Looking pretty good. It's a little hard to tell some of the finger details in this photo though.


----------



## dutchy1982 (Apr 28, 2008)

Fair comment. Hopefully this I'd better?


----------



## neferhet (Oct 24, 2012)

lovely savage orks! the chainsword in the last pic, however, seems unfinished respect the rest of the model...


----------



## Tawa (Jan 10, 2010)

Love the Orks! :good:


----------



## SwedeMarine (Jun 3, 2013)

Nice to see the update Dutchy,

I agree with nef that the chainsword could use a little more work. (but other than that the model looks fantastic. and the orks ? Top notch. keep it up.


----------



## dutchy1982 (Apr 28, 2008)

Okay.

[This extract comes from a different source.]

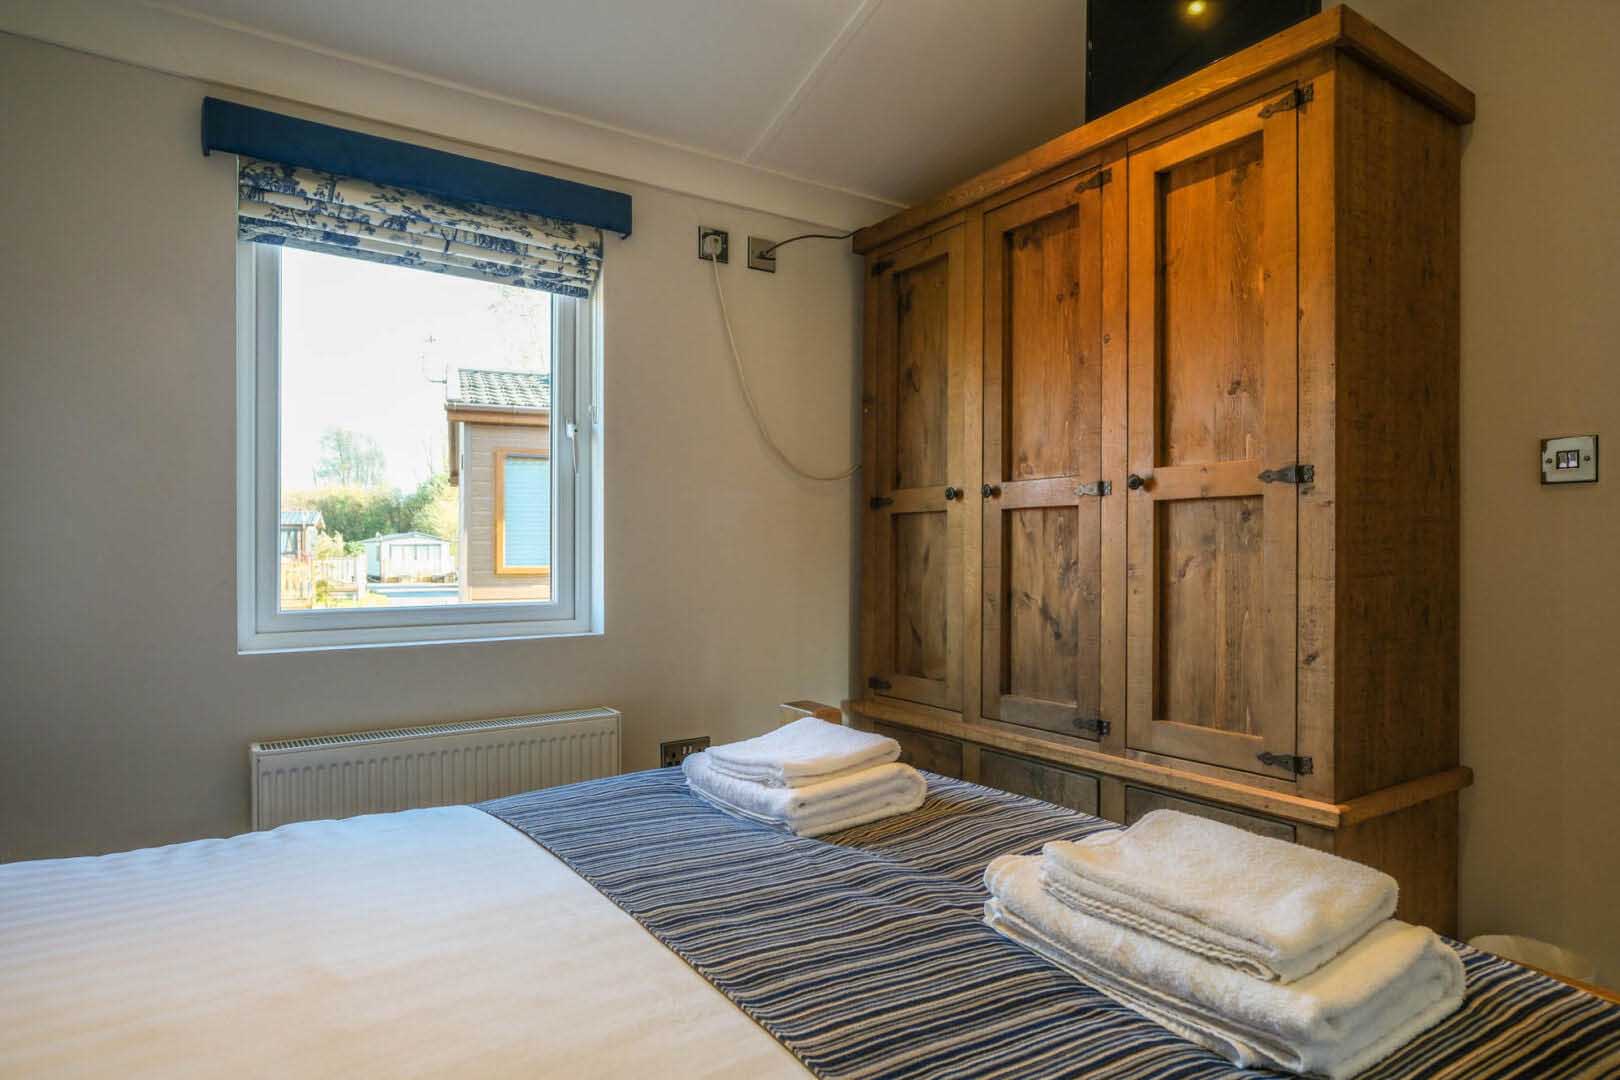 Bedroom double bed towel and dark wood wardrobe

Some adjustments made:


----------



## dutchy1982 (Apr 28, 2008)

SwedeMarine said:


> Nice to see the update Dutchy,
> 
> I agree with nef that the chainsword could use a little more work. (but other than that the model looks fantastic. and the orks ? Top notch. keep it up.


Thanks SwedeMarine. The Orcs are still getting done:


----------



## neferhet (Oct 24, 2012)

Now we are talking: a little highlight really makes a model stand out. And again, lovely orks


----------



## dutchy1982 (Apr 28, 2008)

Just finished my stand in giant for the orc and goblin army. 

Meeting Gladys. She's quite lonely right now and open to offers.


----------



## Iraqiel (May 21, 2008)

Oh man, I think I remember Gladys from the morning after this one hectic night I had in prague...

Looking great Dutchy, I'm impressed that you took the feedback on the Blood Angel and made him from pretty good to friggin awesome! The orks are great too, and I'm sure that Gladys will be only too glad of their company in the fights you have ahead.


----------



## Old Man78 (Nov 3, 2011)

Top notch work, in particular I love the detail in the Dwarf beards, and Gladys, well I know @Tawa would! Rep of course


----------



## Tawa (Jan 10, 2010)

Oldman78 said:


> Top notch work, in particular I love the detail in the Dwarf beards, and Gladys, well I know @Tawa would!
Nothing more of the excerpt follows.